Sometimes when one of the kids is whining about how much they want something, what I think in my head is, “Yeah? Tough shit.” But I don’t *say* tough shit, because swearing at children is frowned upon by society for some reason. So I had to come up with something else to say, and what I came up with was, “tough chickens”.
“But I don’t want to set the table!” “Tough chickens, do it anyway.” “I know we’re late for school, but none of my socks feel right!” “Tough chickens.” “But dad, I don’t want to eat supper, this poultry is too hard to chew! “Touch chickens.”
I’ve said it so often that the children just assume it’s part of the English language, an accepted phrase, and I’ve heard them say it to each other. In fact, one time I told Ollie I made it up and he refused to believe me.
Another phrase you can’t say to kids is, “Wish in one hand and shit in the other, and see which one fills up first.” I mean, it’s really a shame, because there are some scenarios where that one would just be PERFECT. But there are two phrases that mean about the same thing, that are *almost* as lyrical: “if wishes were horses, then beggars would ride” and “if wishes were fishes, we’d all cast nets”.
A little more child friendly that telling a kid to shit in their hand (and less risky, too. Kids can be disturbingly literal at times). Anyway, I like the sound of “wishes were fishes” and I like the sound of “then beggars would ride”, so I told my kids the phrase was, “If wishes were fishes, then beggars would ride.”
When Evelyn got old enough she said it didn’t make sense. Naturally, I explained that the whole phrase was, “if wishes were fishes, then beggars would ride. Fishes.” (I always say the fishes part as kind of an aside, like I was explaining.)
She seemed to accept this for a while, but eventually she must have heard the full horses one somewhere because one day she got fed up. She said, “Daddy! Beggars don’t ride fishes! They ride horses.” And I said, “Well, if you have wishes, why stop at horses?”
Right about now you’re probably thinking what a good father I am, and you’re right.
So this one time we were at the swimming pool, and the kids wanted to play a game they had learned. “It’s called sharks and fishes,” they said. “Can I just kind of float here?” I asked. “No, that’s not how you play. You have to try to swim away so the shark doesn’t eat you.” “Ooooh, I was thinking of a different game,” I said. “It’s called sharks and hotdogs. It’s kind of the same thing, except the hot dogs just have to float there while the shark eats them, because hot dogs can’t swim.”
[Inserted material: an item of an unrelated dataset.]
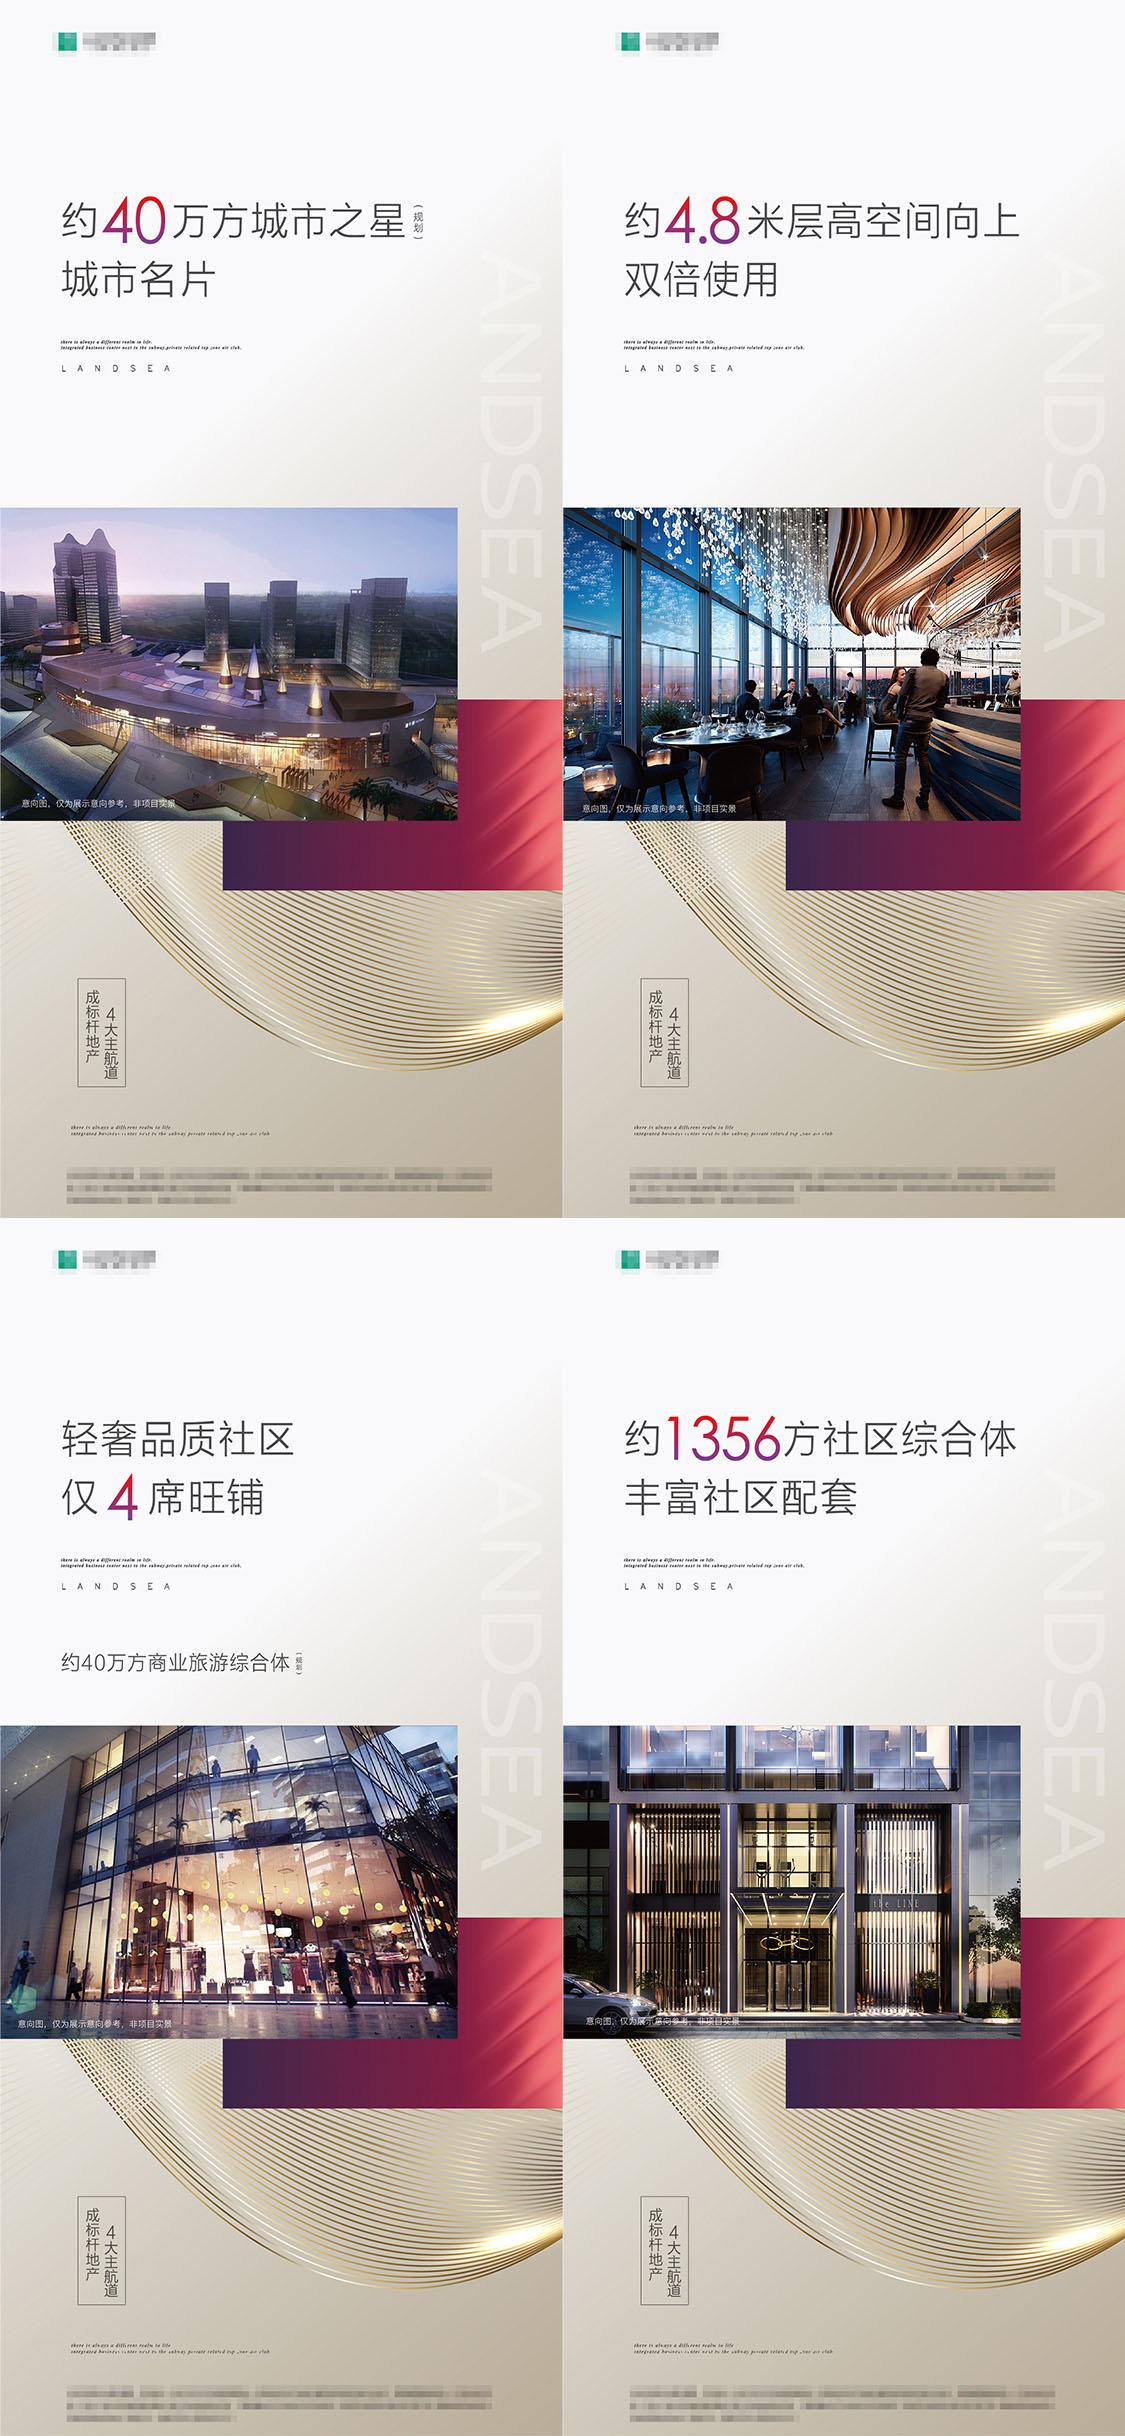 房地产价值点卖点系列海报PSD源文件插图

“Daddy!” said Evelyn, who does not appreciate this sort of genius as much as she aught to, “That doesn’t make any sense. Sharks do not eat hot dogs.” “Oh yeah?” I said. “Then where did they get the phrase, ‘like a shark with a hot dog’?” “That’s not a phrase,” she said suspiciously. (But I mean, honestly, does it make any less sense than some other, more legitimate phrases? ) “Yes it is,” I said. “You say it when something is really fast. Like, ‘wow, he ran that race faster than a shark with a hot dog!'”
Anyway, this is just a long way to say that I convinced my kids to use “faster than a shark with a hot dog” in everyday conversation.
But don’t stop there! Let’s talk about how my uncle Scott invented the phrase “awesome snaps”:
Now that I am officially old (in the eyes of my kids), nothing I say or do is very cool. To illustrate this, I made up the phrase “awesome snaps” that I use to say something is cool; like Ginger snaps, but more awesome. I did this specifically in order to get an eye roll from my daughter, who assures me, at every occasion, that “awesome snaps” is NOT a THING, and never will be.
Oh, it will be. Ohhhh it will be.
I mean, look, if you aren’t interested in molding the minds of the next generation, why even HAVE kids, amiright? And if they don’t like it? Tough chickens.